Innerhalb der CDU/CSU gibt es weiterhin eine größere Zahl von Politiukern, die sich klar gegen einen Beitritt der Türkei zur EU aussprechen. Vor der neuen Verhandlungsrunde über einen EU-Beitritt der Türkei kommt aus der Union Kritik am Kurs von Bundeskanzlerin Angela Merkel (CDU). "Die Regierung sollte einen EU-Beitritt der Türkei nicht weiter betreiben", sagte der Vorsitzende der CSU-Gruppe im Europaparlament, Markus Ferber, dem Magazin "Focus".

 

 

Er rief dazu auf, die Regierungslinie und die Parteilinien von CDU und CSU in Einklang zu bringen.

 

Bisher setzt die Regierung auf ergebnisoffene Verhandlungen mit der Türkei.
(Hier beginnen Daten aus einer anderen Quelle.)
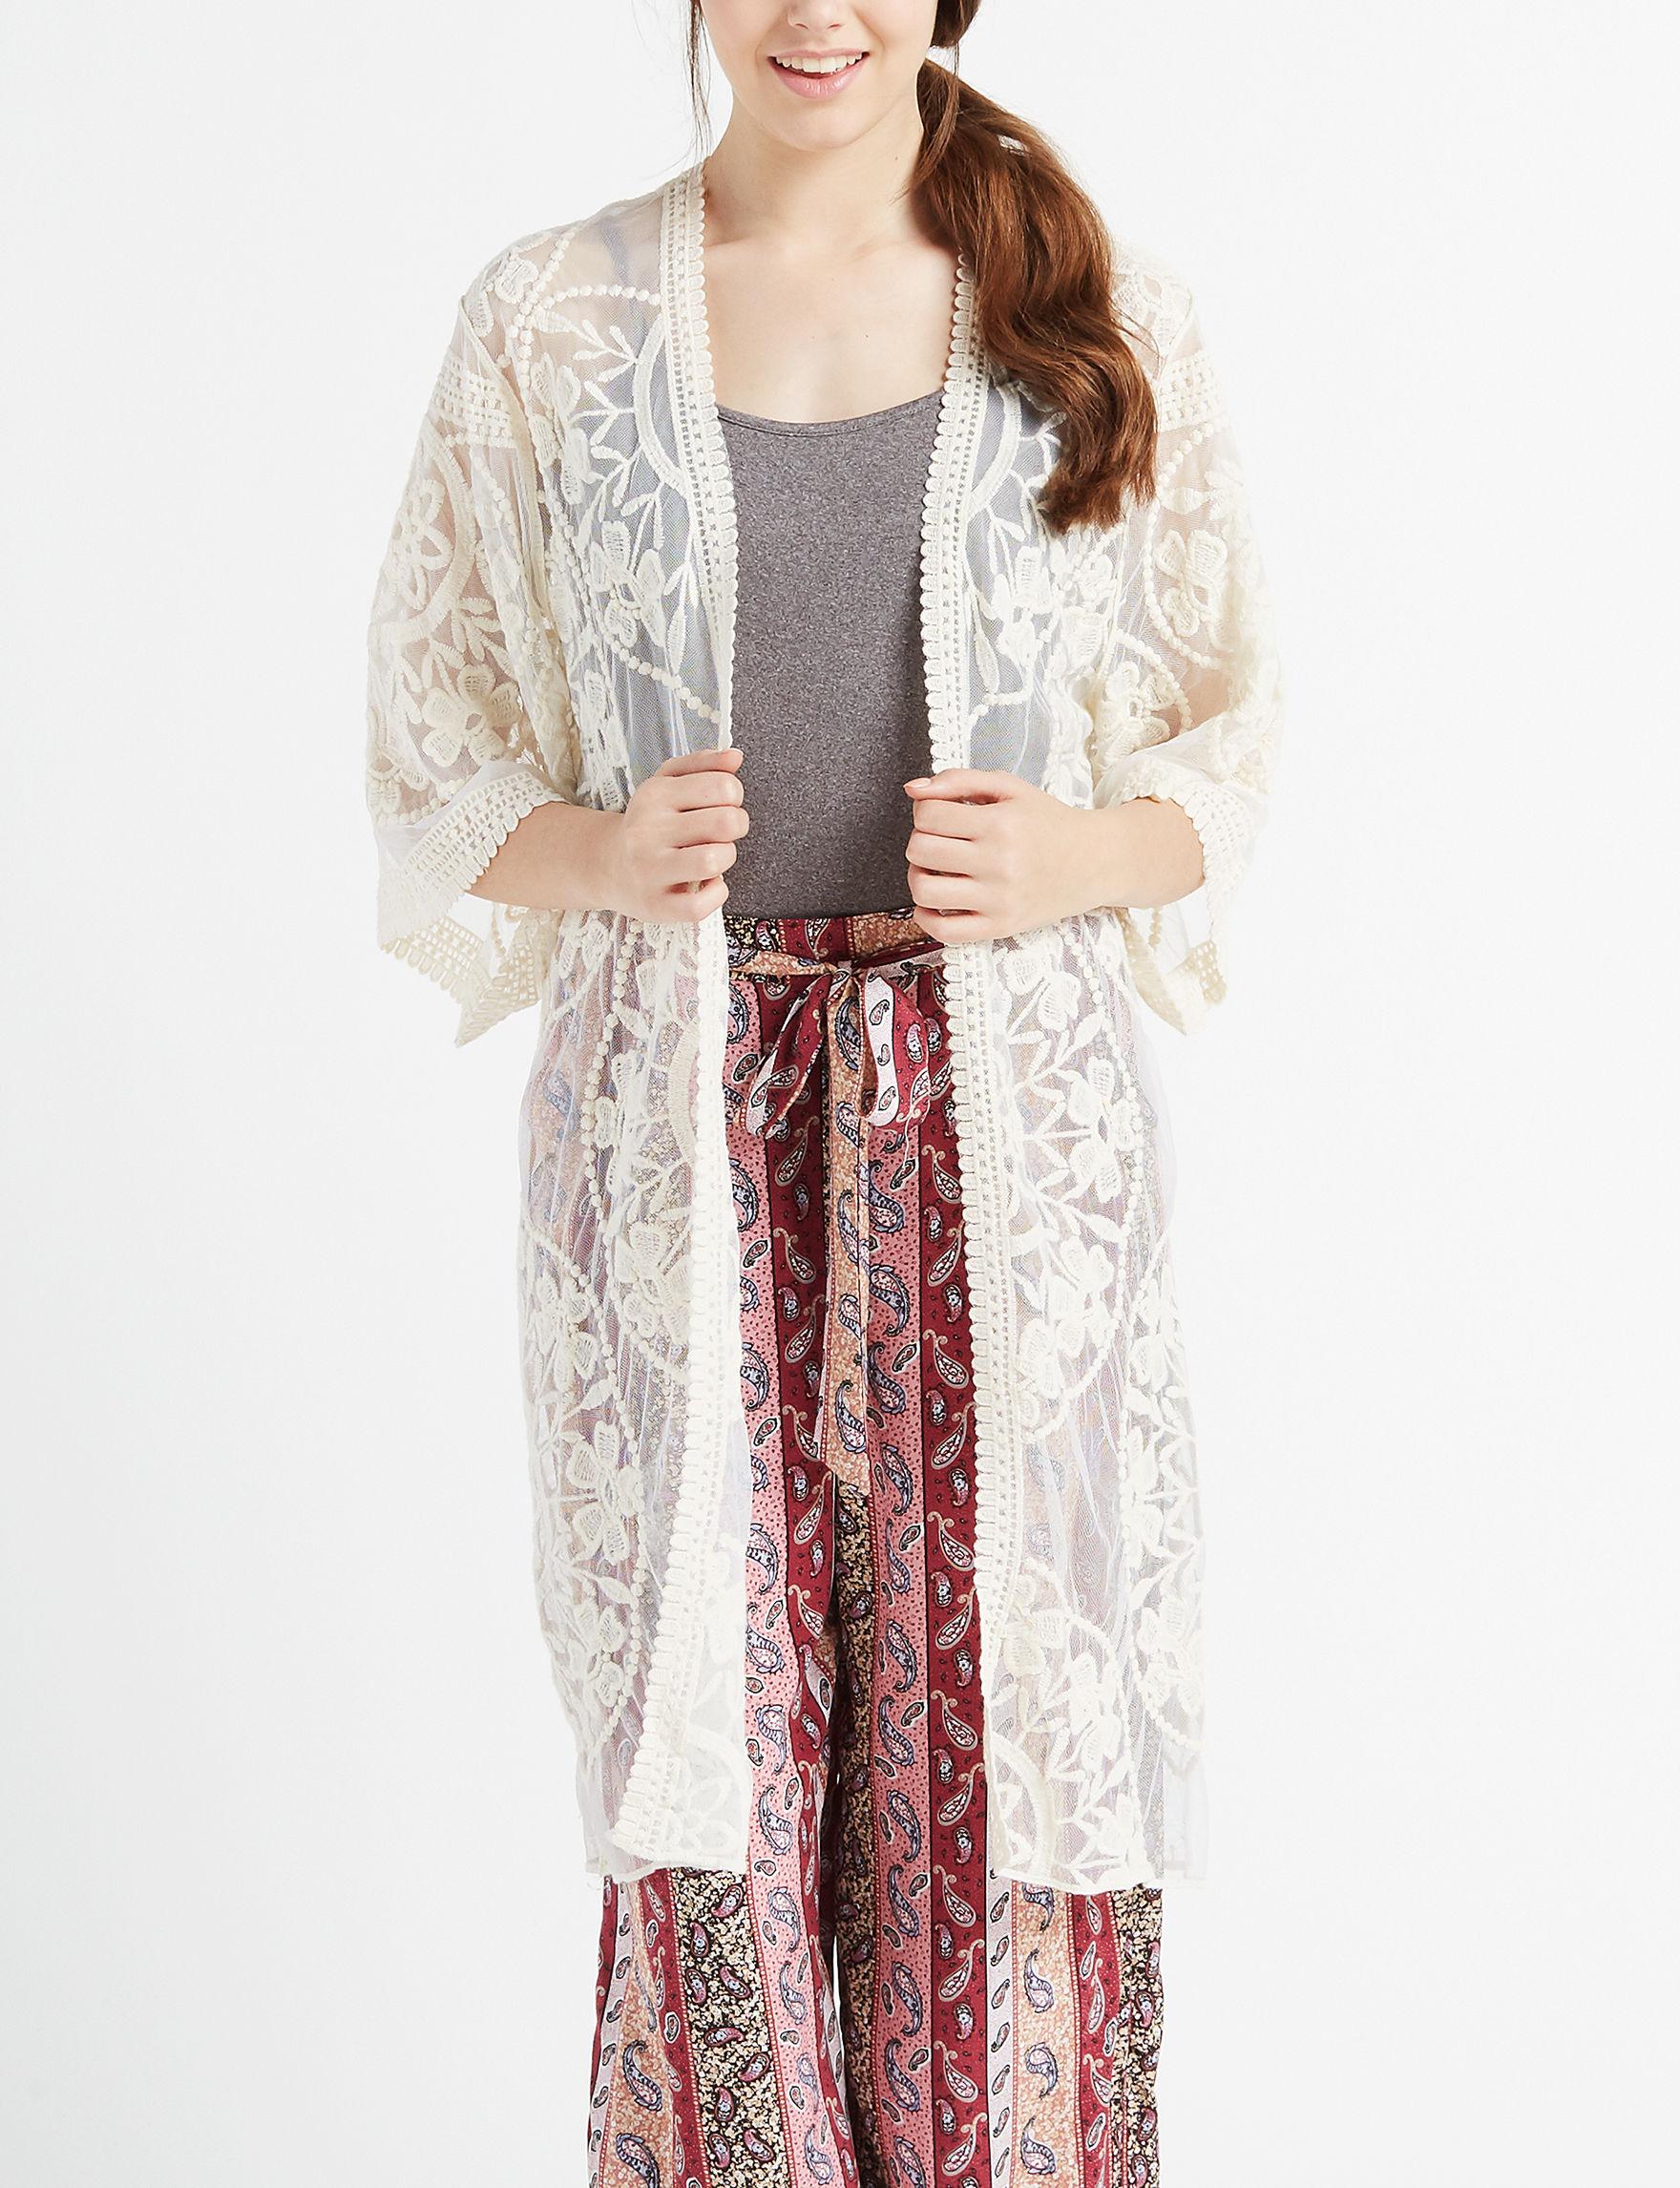 Eyeshadow Off White Cardigans Kimonos & Toppers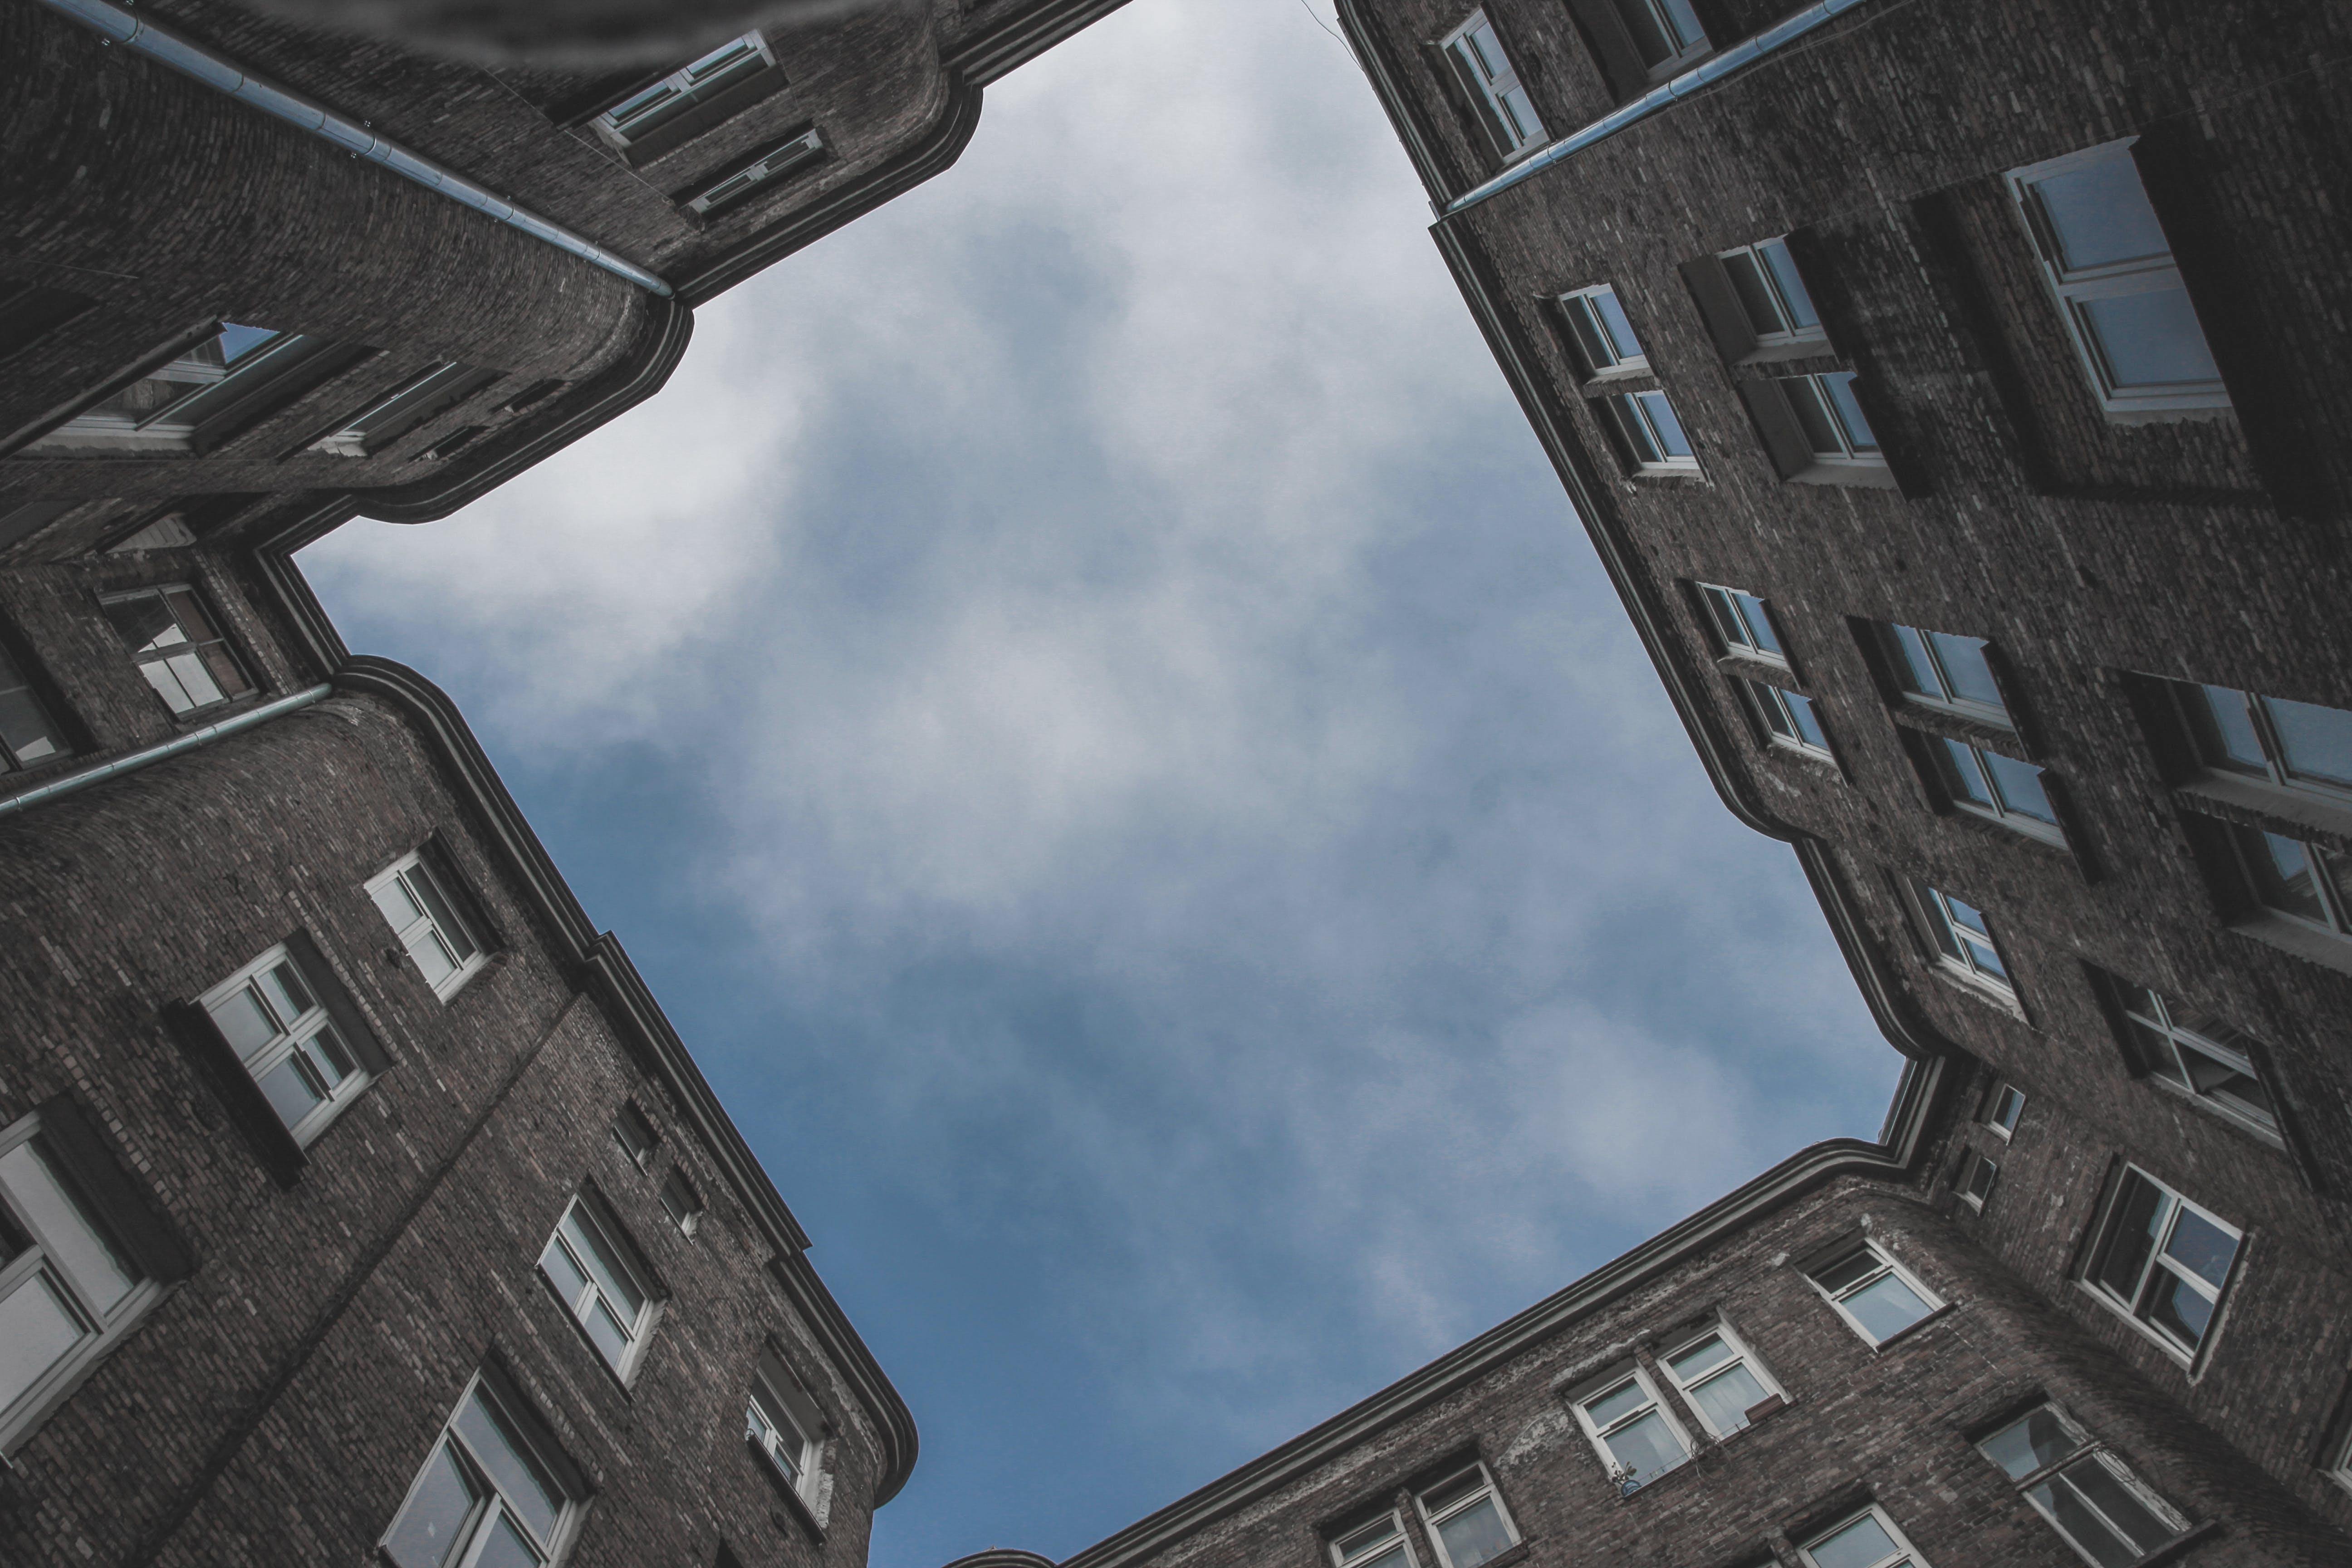 Gratis stockfoto met architectuur, gebouw, gezichtspunt, lage hoek schot

Wegen des Umgangs mit ethnischen und religiösen Minderheiten steht das Land immer wieder in der Kritik; in letzter Zeit gab es jedoch Verbesserungen. Im gemeinsamen Wahlprogramm hatten die Unionsparteien eine Vollmitgliedschaft abgelehnt. Es gibt allerdings auch wesentlichere Gründe gegen einen Beitritt der Türkei zur EU, vor allem, weil die Türkei nicht zum europäisch-christlichen Kulturkreis gehört und zu dieser Kultur und Geschichte gegensätzliche Grundlagen hat.

 

Ein Beitritt der Türkei zur EU, der vor allem auf Grund des Drucks aus den USA betrieben wird, würde die kulturelle Identität des christlichen Abendlandes weiter zerstören, was für viele Befürworter eines Beitritts auch beabsichtigt ist.